Prove $Hom(A^n, A^m) $ is a free module of dimension $mn$.
The fact that the dimension of $Hom(A^n, A^m) $ is $mn$ I think can be proven defining an explicit construction of the element, this is using a basis The following link has a proof I think can be adapted to this theorem https://www.ma.utexas.edu/users/kit/Algebra/Section_4.3--Dual_Spaces.pdf.
But is there a more refined way to do it?
On
A product of modules is characterized by the property that to give a homomorphism into the product is to give a collection of homomorphisms going into each component:
$$\textrm{Hom}_A(M, \prod\limits_i N_i) \cong \prod\limits_i \textrm{Hom}_A(M, N_i)$$
A coproduct (direct sum) of modules is characterized by the property that to give a homomorphism out of the coproduct is to give a collection of homomorphisms going out of each component:
$$\textrm{Hom}_A(\bigoplus\limits_i M_i, N) \cong \prod\limits_i\textrm{Hom}_A(M_i,N)$$
A priori, these are just bijections of sets, but all these guys naturally have module structures, and the bijections are easily seen to be module homomorphisms.

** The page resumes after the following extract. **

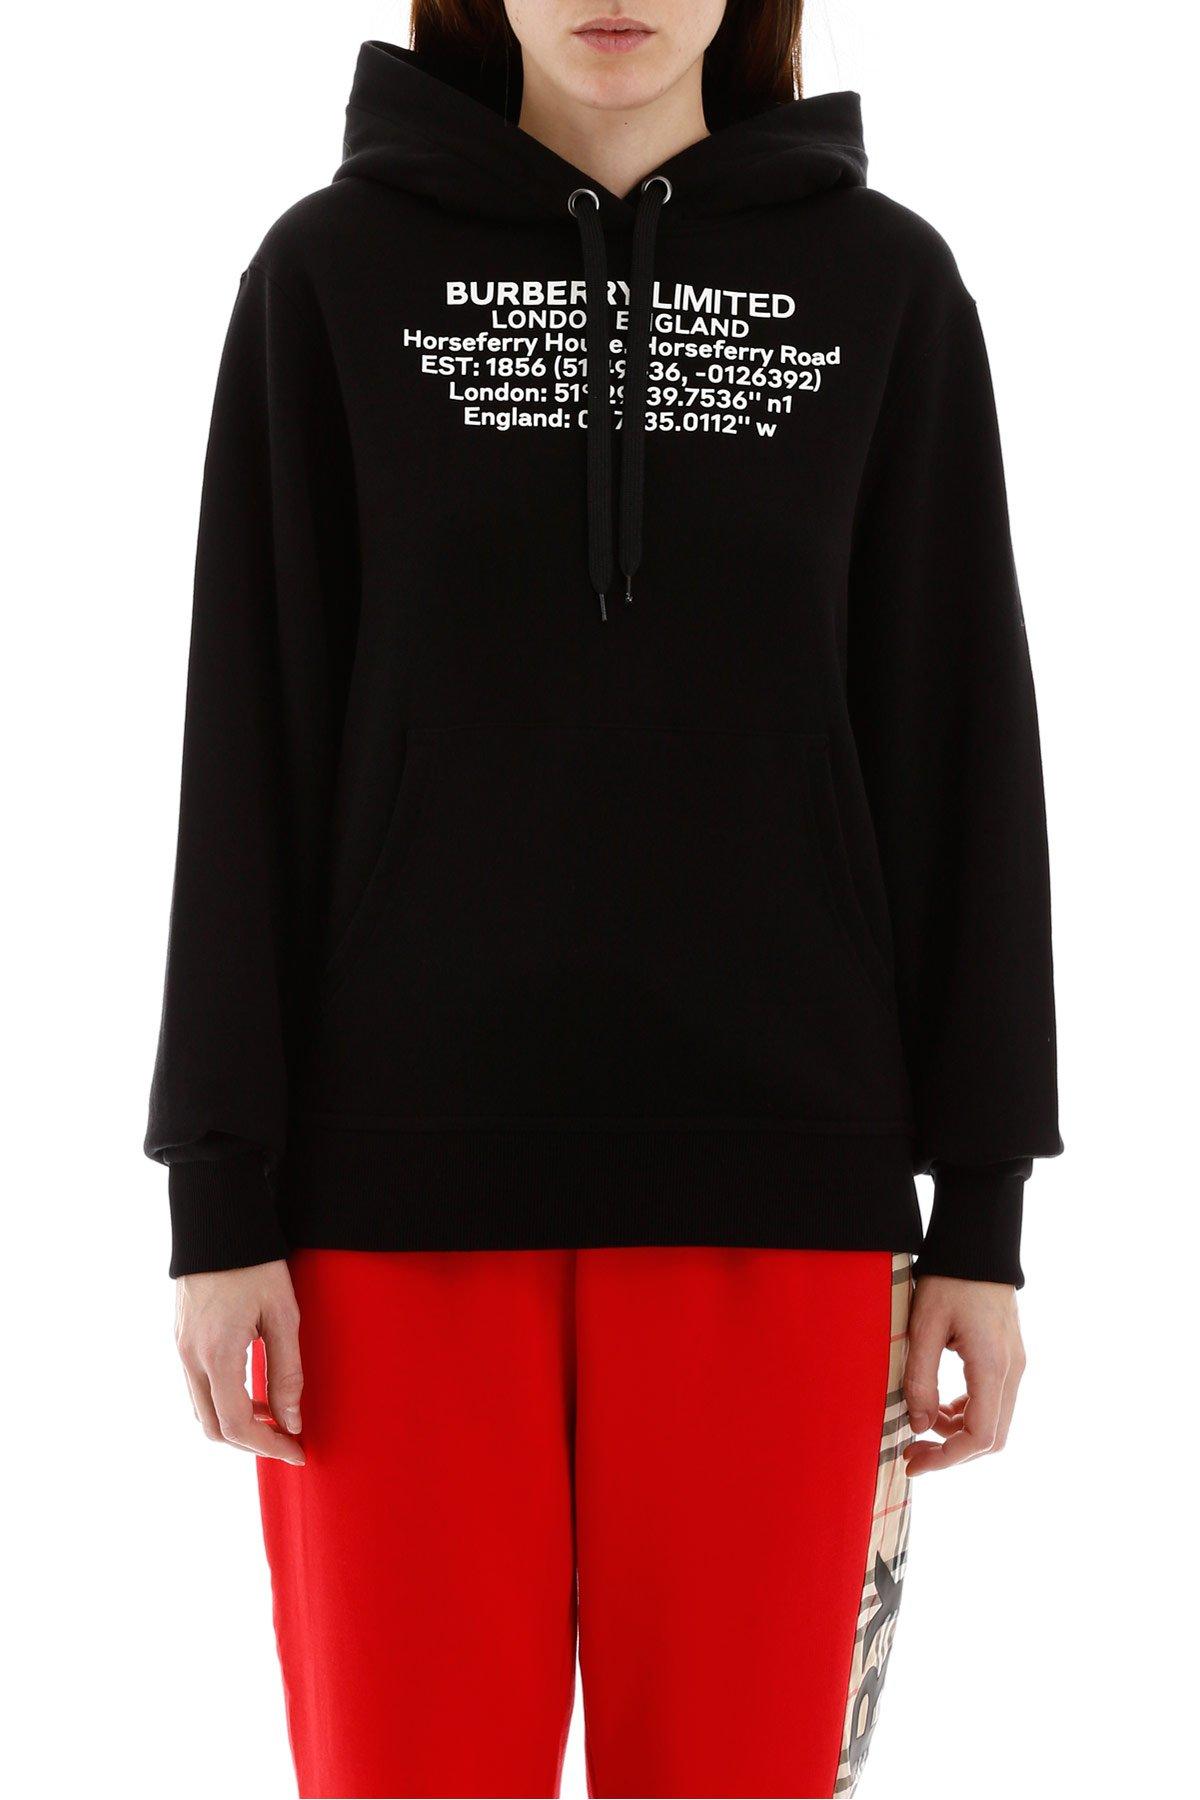 Burberry Cotton Poulter Hoodie With Coordinates in Black - Lyst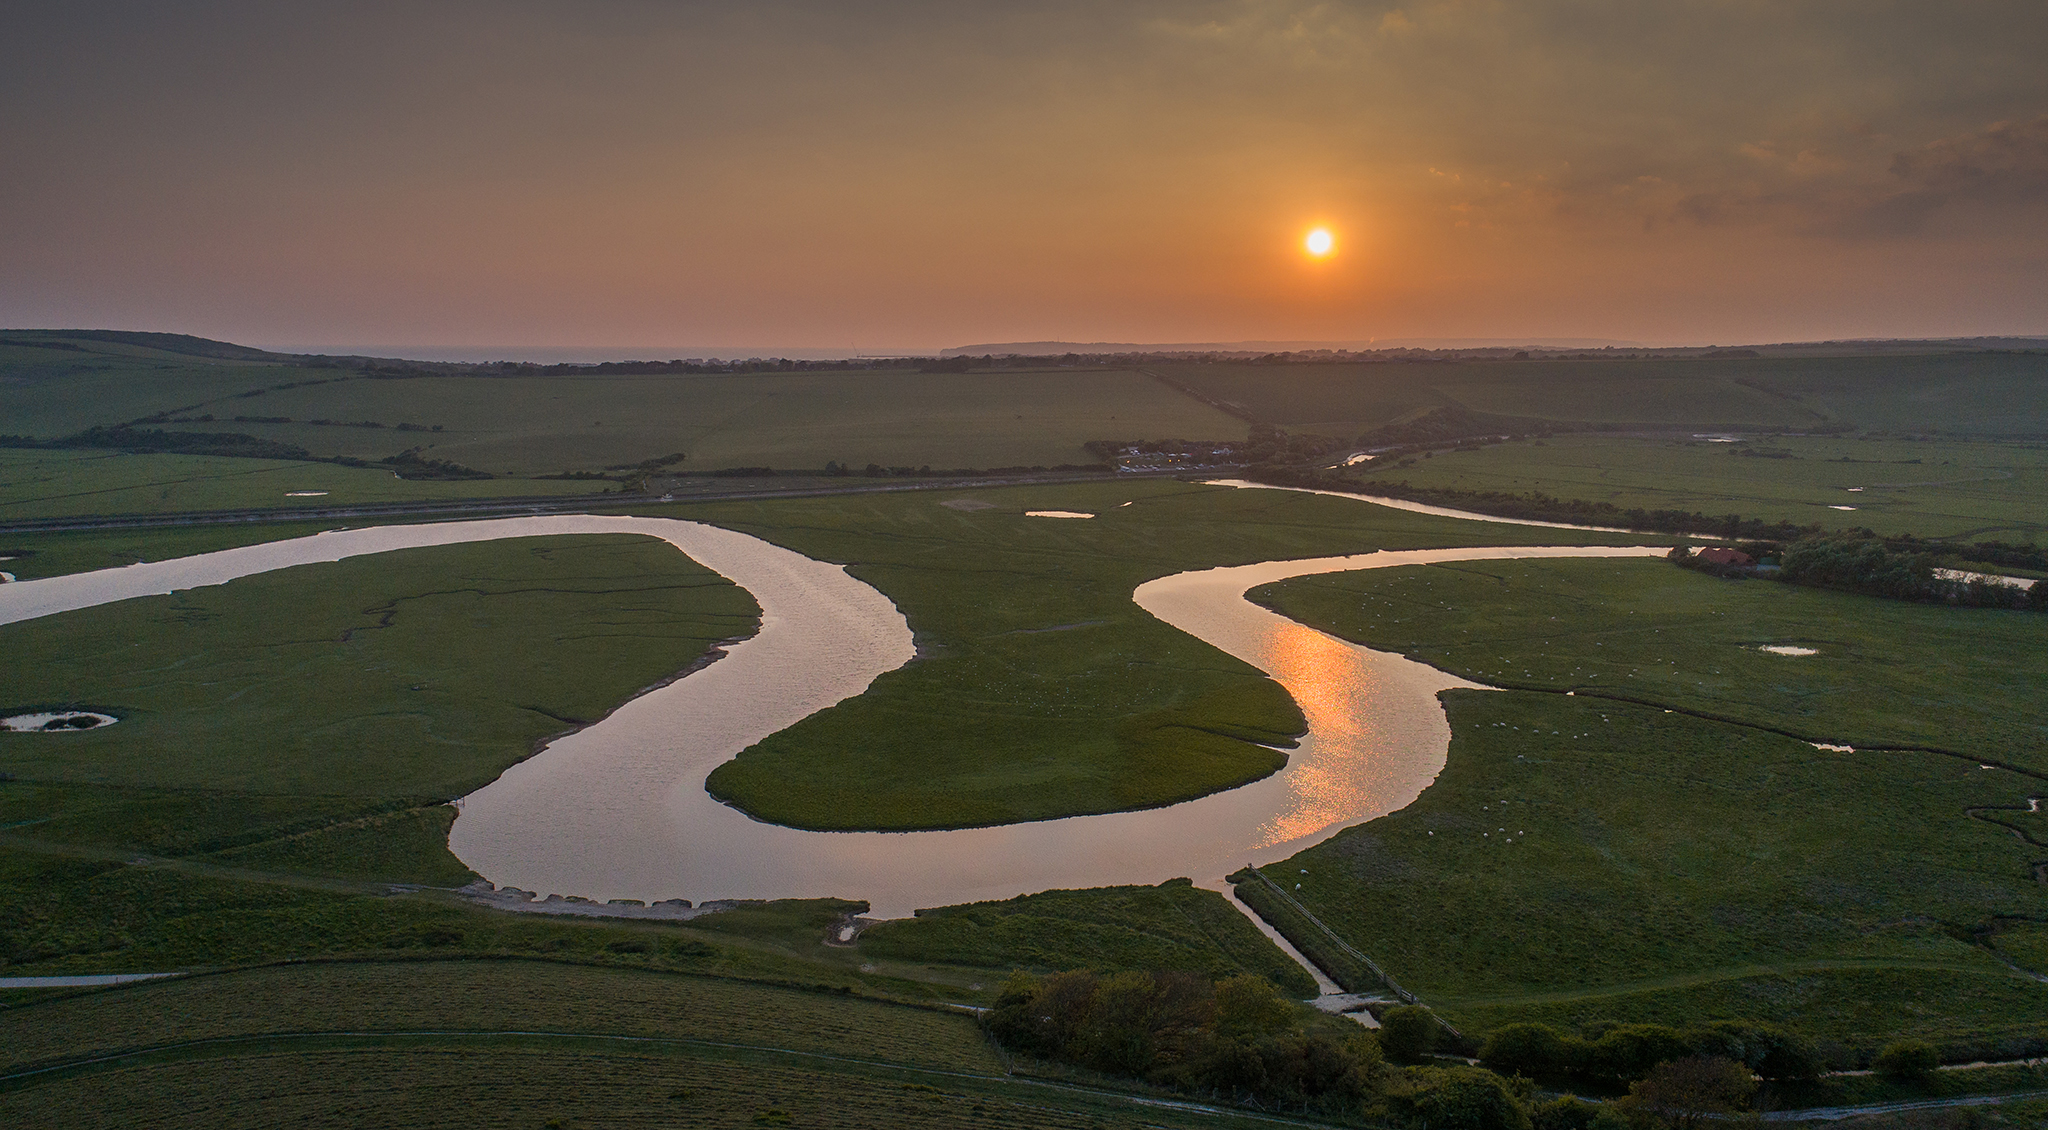 Cuckmere River, Seven Sisters Country Park, East Sussex, England

Putting these facts together, and using the fact that finite direct sums are the same thing as finite direct products, we get
$$\textrm{Hom}_A(A^n,A^m) \cong \prod\limits_{i=1}^n \textrm{Hom}_A(A,A^m) \cong \prod\limits_{i=1}^n \prod\limits_{j=1}^m \textrm{Hom}_A(A,A) \cong \prod\limits_{i=1}^n \prod\limits_{j=1}^m A \cong A^{nm}$$
Let $e_1, \dots, e_n$ be a basis for $A^n$ and $d_1, \dots, d_m$ a basis for $A^m$. An $A$-linear map $A^n \to A^m$ is determined exactly by where it sends each $e_i$ (do you see why? given where the map sends each $e_i$, where does it send the general element $\sum_i c_i e_i$?), and each $e_i$ is sent to some element of the form $$ \sum_{j=1}^m a_{ij}d_j \in A^m, $$ where the $a_{ij}$ are in $A$. Conversely, clearly any set of $a_{ij}$ also gives rise to a map $A^n \to A^m$ in the same way. In other words, each map can be expressed uniquely as a $m \times n$ matrix of elements of $A$, and certainly this is just a free $A$-module of rank $mn$.